We picked two models for profiling that have been very heavily tuned by the TLFM folks for performance on Arduino - the micro speech and person detection models (these are the same ones on the TVM Arduino demos repository.

As currently implemented in TVM (with both executors), the person detection model is too large to run on the Arduino Nano, so these cells are blank. Also, Tensorflow Lite for Microcontrollers is platform-specific and does not work on the Sony Spresense, so these cells are blank too.

Flash usage

For measuring flash usage, note that a lot of flash is used by various overhead functions, and by all the crap Arduino automatically adds to your program. For example, the simplest valid Arduino program (seen below) takes 83.4 kB on the Nano 33 BLE and 163.5 kB on the Spresense. For this reason, all measurements of flash memory usage include overhead.

// Shortest running script for Arduino
void setup() {}
void loop() {}

Additionally, for some of the implementation/model/board pairings, the Arduino IDE discovered there was not enough memory and refused to compile the sketch. I overrode this refusal to compile by modifying linker_script.ld. These entries are marked with a *.

Since Tensorflow Lite Micro cannot run on the Sony SPRESENSE Arduino bindings, these cells are empty.

Flash usage results

Implementation Keyword spotting Nano (↓) Person detection Nano (↓) Person detection SPRESENSE (↓)
TVM graph_executor 148,152 bytes 570,352 bytes 641,912 bytes
TVM aot_executor 125,544 bytes 530,624 bytes* 1,210,984 bytes
Tensorflow Lite Micro 151,480 bytes 441,160 bytes

RAM usage

Measuring RAM usage is more challenging. While there are a few ways it can be done, the most likely to be valid (in my opinion) is to determine how much memory can be allocated to other things while not crashing the model. Consider the below program, running on a Nano 33 BLE with 256 kB of RAM:

#include "src/model.h"
static Model model;

void setup() {
  char* ptr = (char*) malloc(137332);
  
  static const char input_data[1920] = {0};
  int8_t output_data[4];
  model = Model();
  model.inference(input_data, output_data);
  digitalWrite(LED0, HIGH);
}

void loop() {}

If we call malloc(137332); the script succeeds - however, calling malloc(137333); instead causes the script to stall due to lack of memory. While there are other approaches to determining the amount of free memory (such as examining the stack pointer or seeing the largest block of memory that can be allocated after performing inference), these don't directly measure the thing we want - the amount of memory that can be allocated beforehand without causing inference to fail.
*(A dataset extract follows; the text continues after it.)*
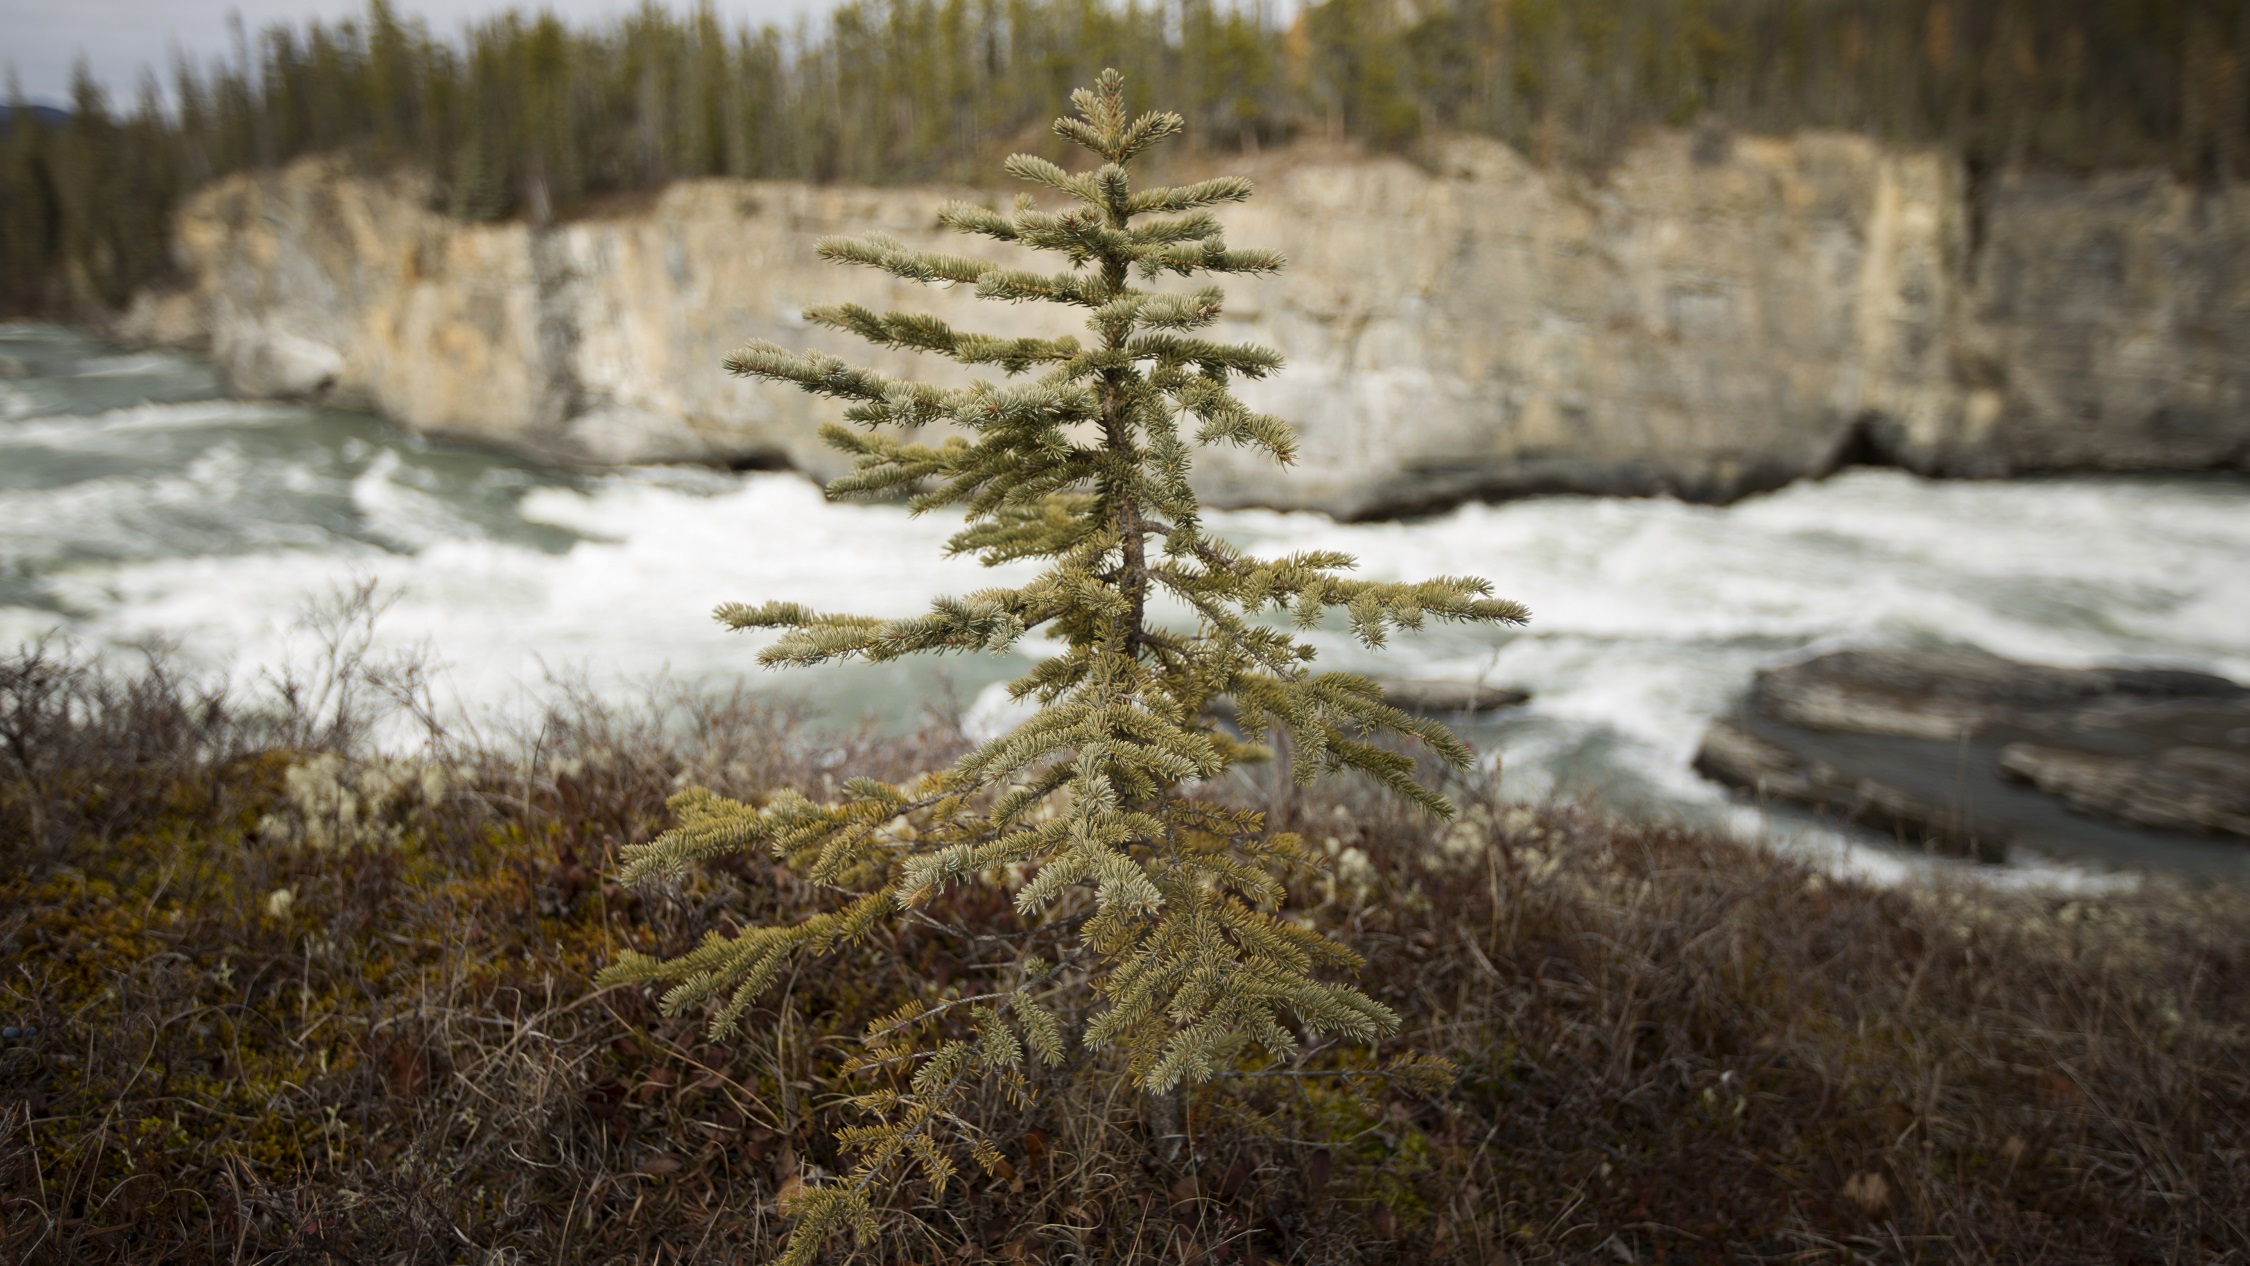 A spruce tree

With this script, we then use binary search to determine the largest number that can be passed to malloc without breaking the model. However, since doing this by hand would be tedious, I've provided a script - profile_ram.py to do this automatically. Use the script as follows:

python3 profile_ram.py ./micro_speech/micro_speech_graph_executor/micro_speech_graph_executor.ino arduino:mbed_nano:nano33ble /dev/ttyACM0 --max 250000

The file that's being pointed to must have the form below, where bolded lines are strictly necessary:

#include "src/model.h"

static Model model;
static char* ptr;
void setup() {
  ptr = (char*) malloc($alloc_size);
  if (ptr == NULL) {
    for (;;) {}
  }
  int8_t input_data[1920] = {0};
  int8_t output_data[4];
  model = Model();
  model.inference(input_data, output_data);
  free(ptr);
  Serial.begin(115200);
}

void loop() {
  Serial.println(1);
}

For the Sony Spresense, it is possible to split the 1.5 Mb of total available memory between the main and subcores. By default, memory is split 50/50. However, in these tests all memory has been allocated to the main core, as the subcores are not used. Tensorflow Lite Micro for Arduino does not run on the Spresense, so this number is not included. Both the graph and aot executors for the person detection model take up too much RAM to run on the Nano, so these results could not be included either.

Unused RAM results

Implementation Keyword spotting Nano (↑) Person detection Nano (↑) Person detection SPRESENSE (↑)
TVM graph_executor 137,332 bytes 319,128 bytes
TVM aot_executor 188,388 bytes 296,344 bytes
Tensorflow Lite Micro 196,580 bytes 69,604 bytes

Runtime measurement

On all Arduino boards, there is a natural and consistent way of measuring elapsed time - the micros() function. It is implemented differently on different boards, and its accuracy varies between implementations, but it is always accurate to < 1 ms. Most are much better than this - for example, the Spresense is accurate to +- 30 μs. If a higher precision runtime measurement was ever desired, an oscilloscope could be used to count CPU cycles, but this is probably overkill for now.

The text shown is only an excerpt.